Glorious - and sunshine tooooooo :sm01:


----------



## Goodshepfarm (Jul 20, 2014)

Thank you!


----------



## Alpaca Farmer (Jan 19, 2011)

Just Luscious!!


----------



## run4fittness (May 22, 2011)

What a lovely bouquet!


----------



## Cdambro (Dec 30, 2013)

Wow....just a basket of beauty.


----------



## mama879 (Jan 27, 2011)

A tisket a tasket a very jolly basket full of yarns. Very nicely spun and dyed They will sell out fast.

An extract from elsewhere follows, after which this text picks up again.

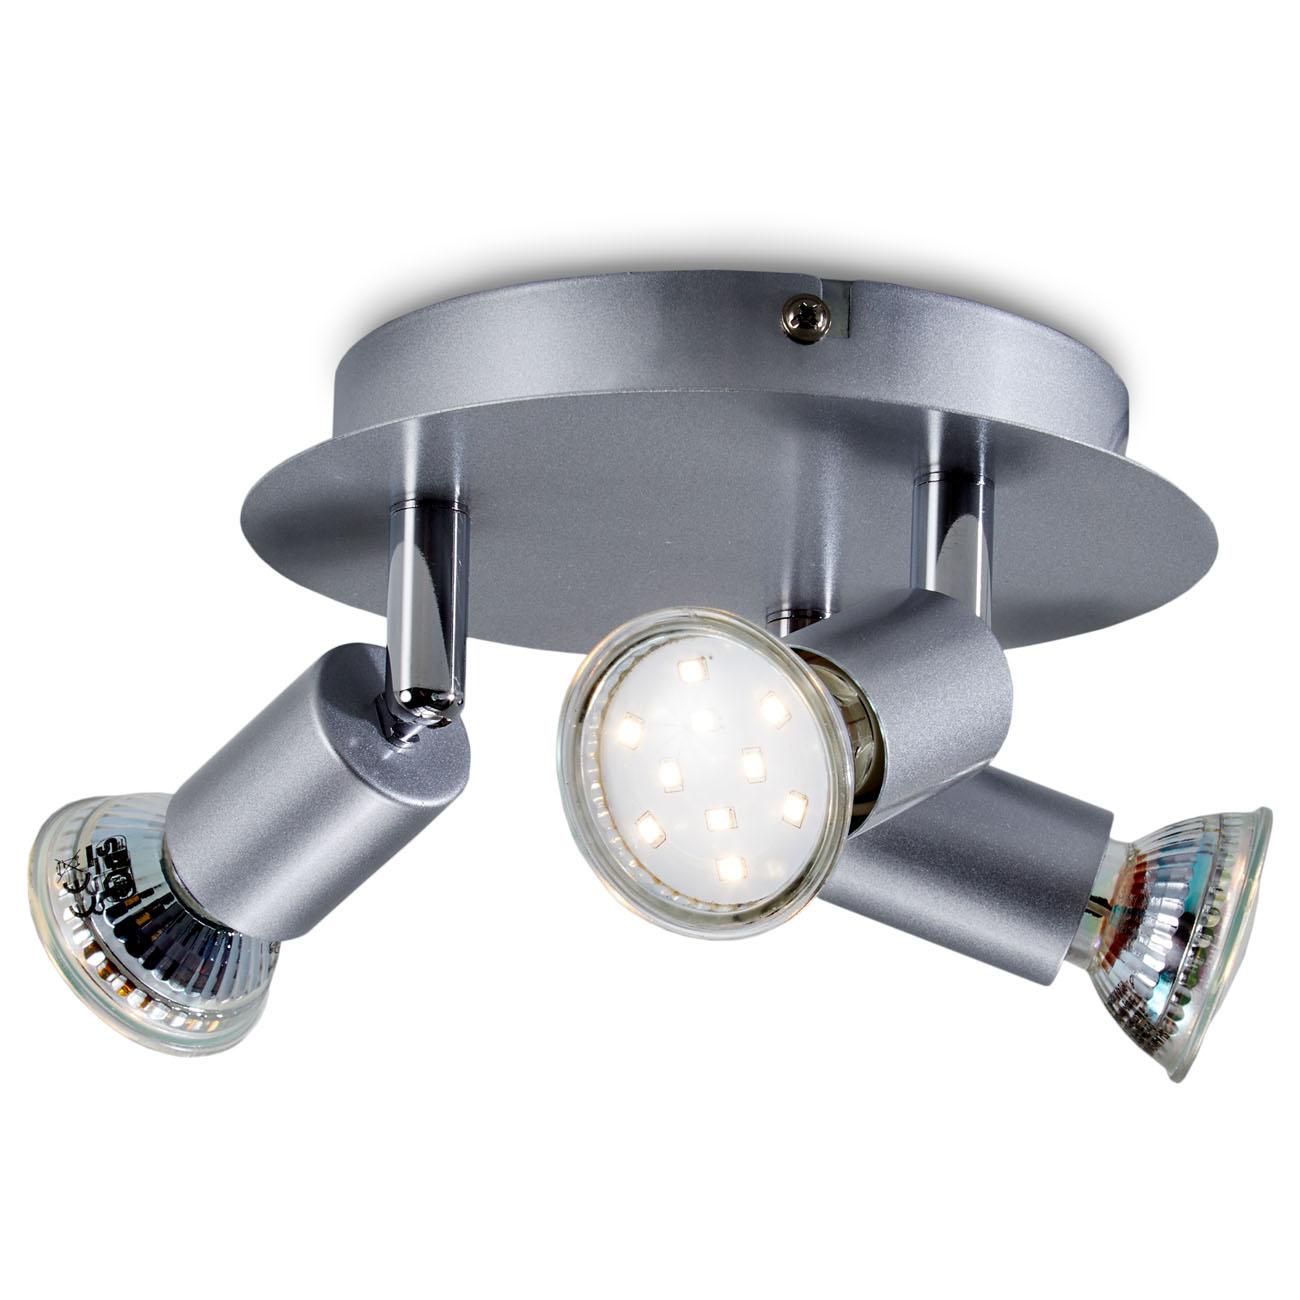 LED Deckenstrahler Deckenspot 3-flammig matt-nickel - 1

Have fun at the fair.


----------



## Goodshepfarm (Jul 20, 2014)

Thanks so much, I am looking forward to meeting some nice people. I hope to introduce them to spinning!


----------



## BirchPoint (Feb 12, 2016)

Beautiful yarns!


----------



## raedean (Apr 25, 2011)

lovely job.lovely yarns.lovely basket.lovely photo.


----------



## Woodstockgranny (Feb 6, 2013)

Beautiful!


----------



## Babalou (Jun 3, 2012)

Gorgeous, can't pick out a favorite!


----------



## Spooly (Oct 22, 2011)

That is some beautiful yarn and I love the photo.


----------



## Goodshepfarm (Jul 20, 2014)

Thank you all! I'm really looking forward to meeting some nice people at the fair next week. I plan to bring my spinning wheels.


----------



## GrannyMo (Jul 7, 2016)

Beautiful yarn - i doubt you'll be left with any after the fair.


----------



## kiwirose (Aug 19, 2011)

Beautifully spun and the colours are gorgeous!


----------



## kwharrod (Jul 24, 2012)

More beautiful yarn for sure.


----------



## amoamarone (Feb 21, 2015)

Another love,y selection


----------